The current work demonstrates how to precisely form thin Ti-6Al-4V sheets to achieve a certain radius of curvature or to change curvature in pre-bent specimens by LPF utilizing an ANN-based experimental process planning approach. On conducting LPF experiments by varying the process parameters and the material thickness, different deformations in the peened region were observed. For each set of LPF process parameters, the deformation in the peened region was measured along the specimen’s length. Yet, the data obtained from the experimental trials could not be used directly; therefore, a data preparation step using Buckingham’s Pi theorem was utilized to define the appropriate inputs and outputs to the ANN, improving the generalization of the model and reducing prediction inaccuracies. Various performance measures were used to assess the prediction model’s accuracy. The predicted and measured deformations in the peened region of the specimens showed very good agreement, indicating that an ANN model can represent the complicated relationships between the deformation in the peened region and the relevant LPF process parameters without the construction of explicit formulas. As a result, the target deformation is predicted as a part of an LPF planning process by selecting appropriate values for the laser energy and number of peening sequences, which is provided by immediately applying the ANN predictions.

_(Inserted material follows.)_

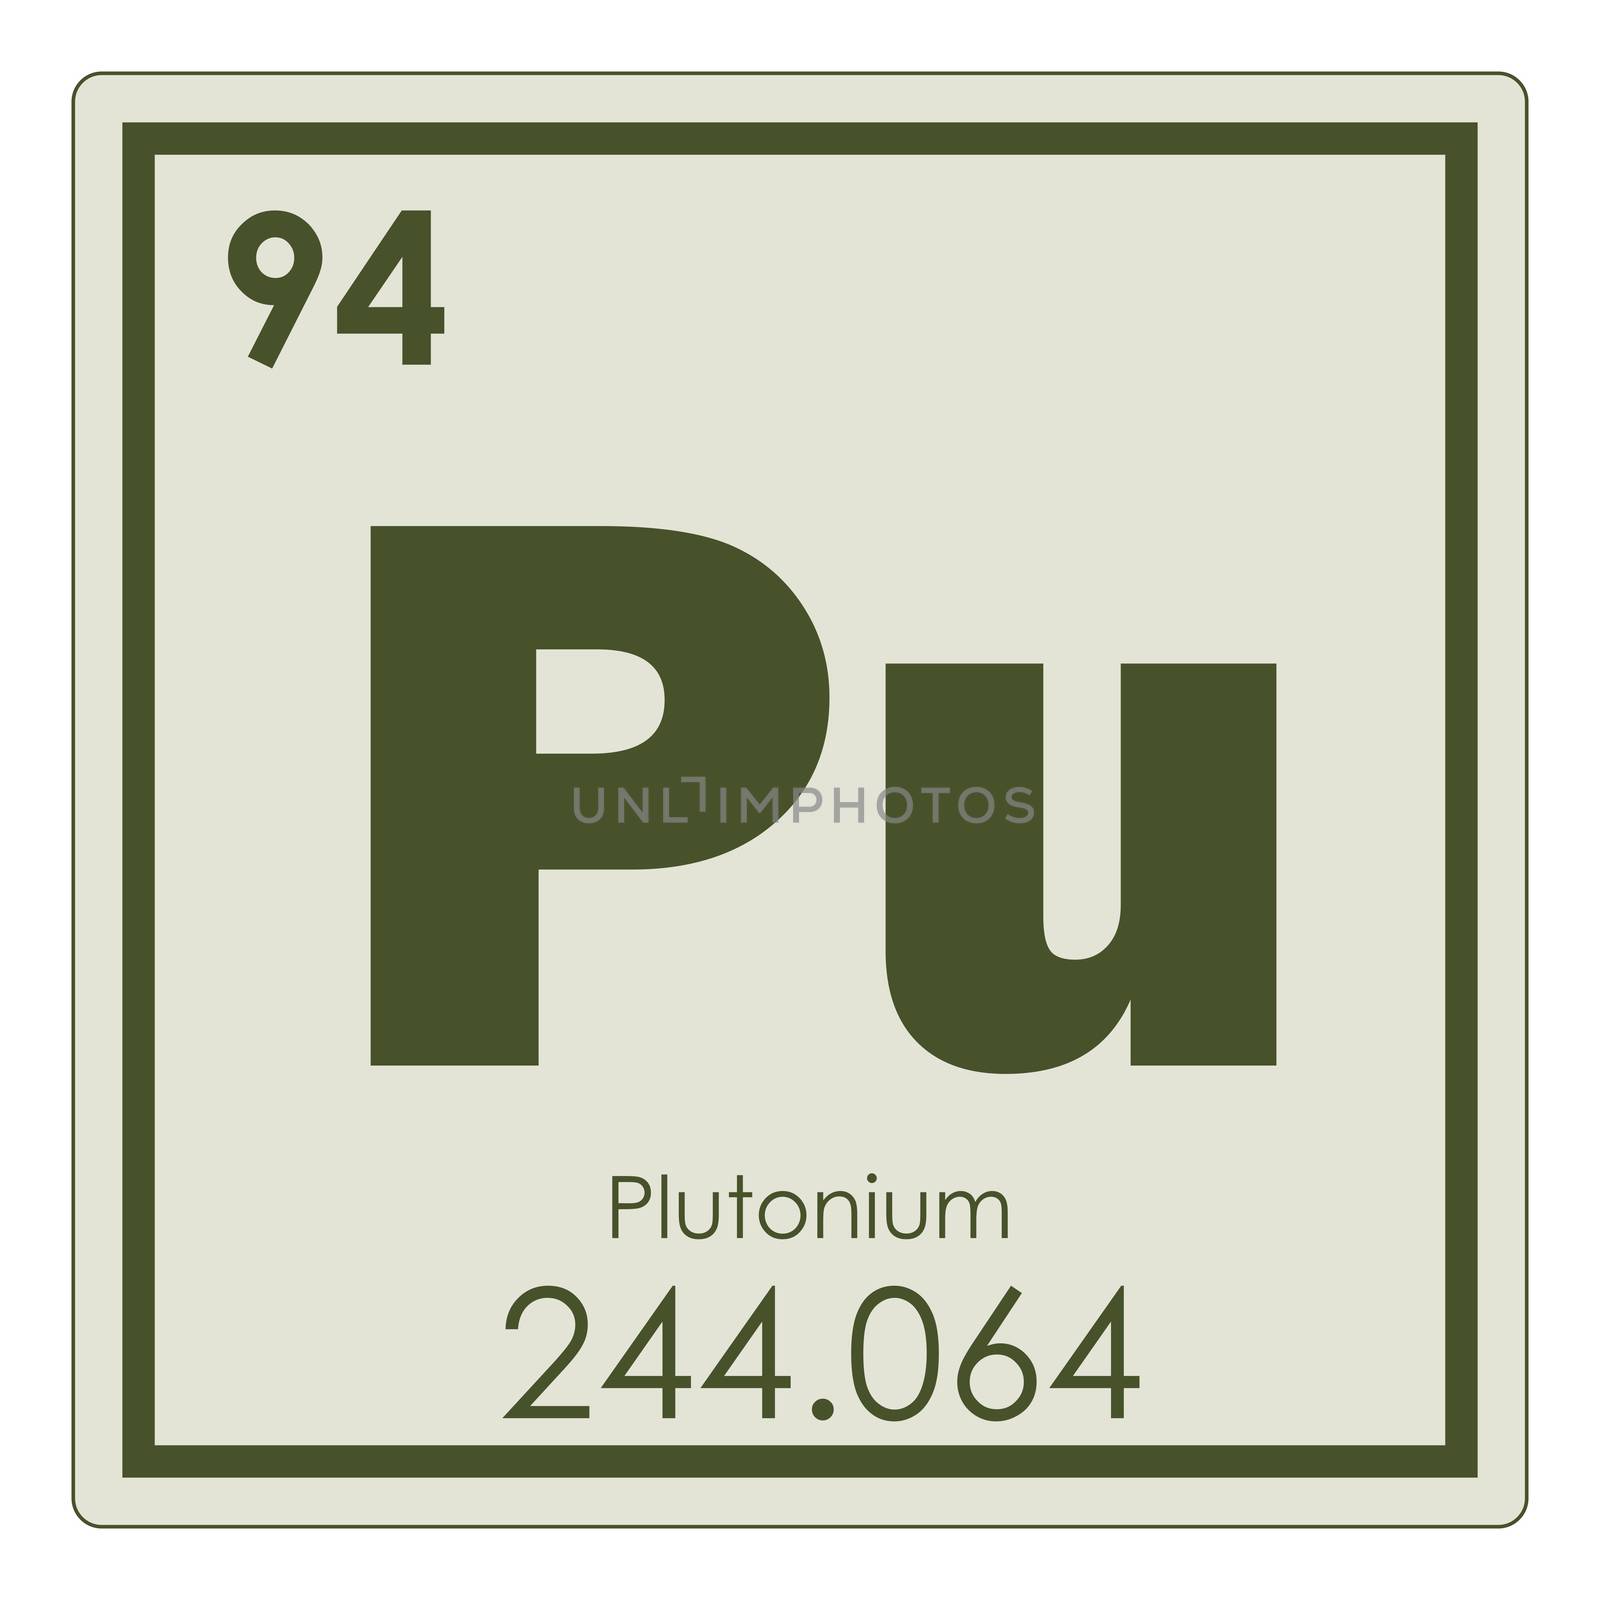 Plutonium chemical element by tony4urban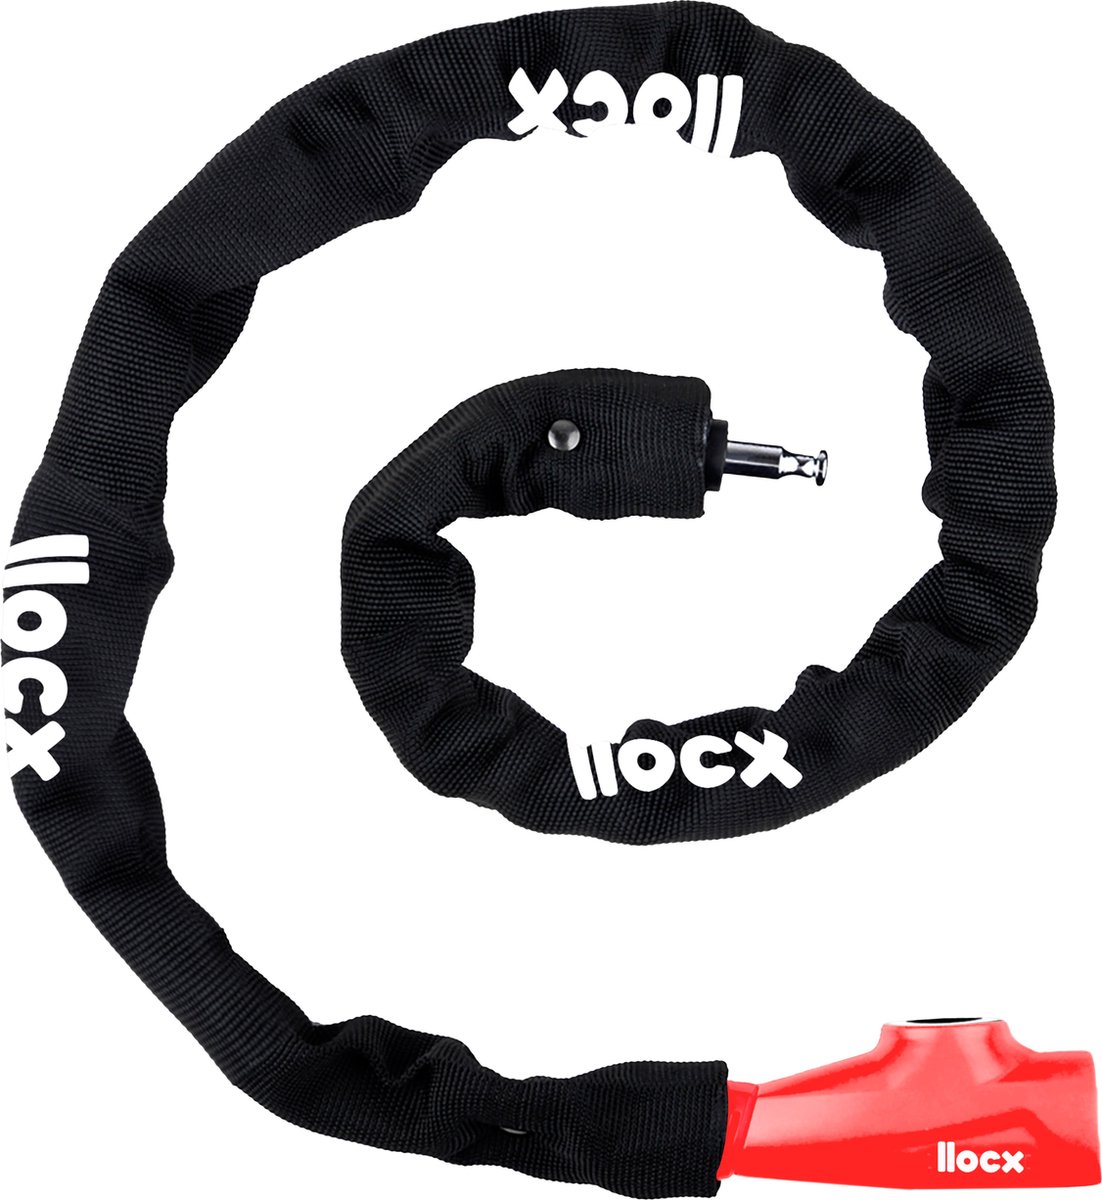 LLOCX Fiets Kettingslot - 1 meter met 2 Sleutels - Roestvrij Aluminium 6mm - Sluiting zonder Sleutel - Rode Kliksluiting - Krasvrije Sleeve

The inverse problem of predicting the LPF process parameters leads to multiple solutions; however, it was observed that by defining a set of physical process constraints, the number of multiple solutions can be limited. A data-driven process planning methodology, utilizing the deformation predictions from the ANN is shown in this study for various applications, where it was necessary to reach a target deformation by LPF. The demonstrated applications involved forming specimens to a desired profile, an ‘S’-shaped profile, flattening, and reducing the arc radii of pre-bent specimens. A peen-and-measure cycle was implemented and the initial deformation profile as well as the deformation profile after LPF treatments were compared. The target profile was achieved after repeating the cycle throughout the specimen. This process revealed the importance of choosing appropriate discretization step sizes of the deformation profile. It was observed that for most of the cases, it is required to vary the discretization step size depending on the target deformation. In all cases, upon LPF treatment, the specimens were deformed to reach the target profile within a tolerance level of \(\pm 10\%\). The proposed methodology serves as a reliable method for determining the optimal LPF process parameters from a database generated using the predictions of the trained ANN.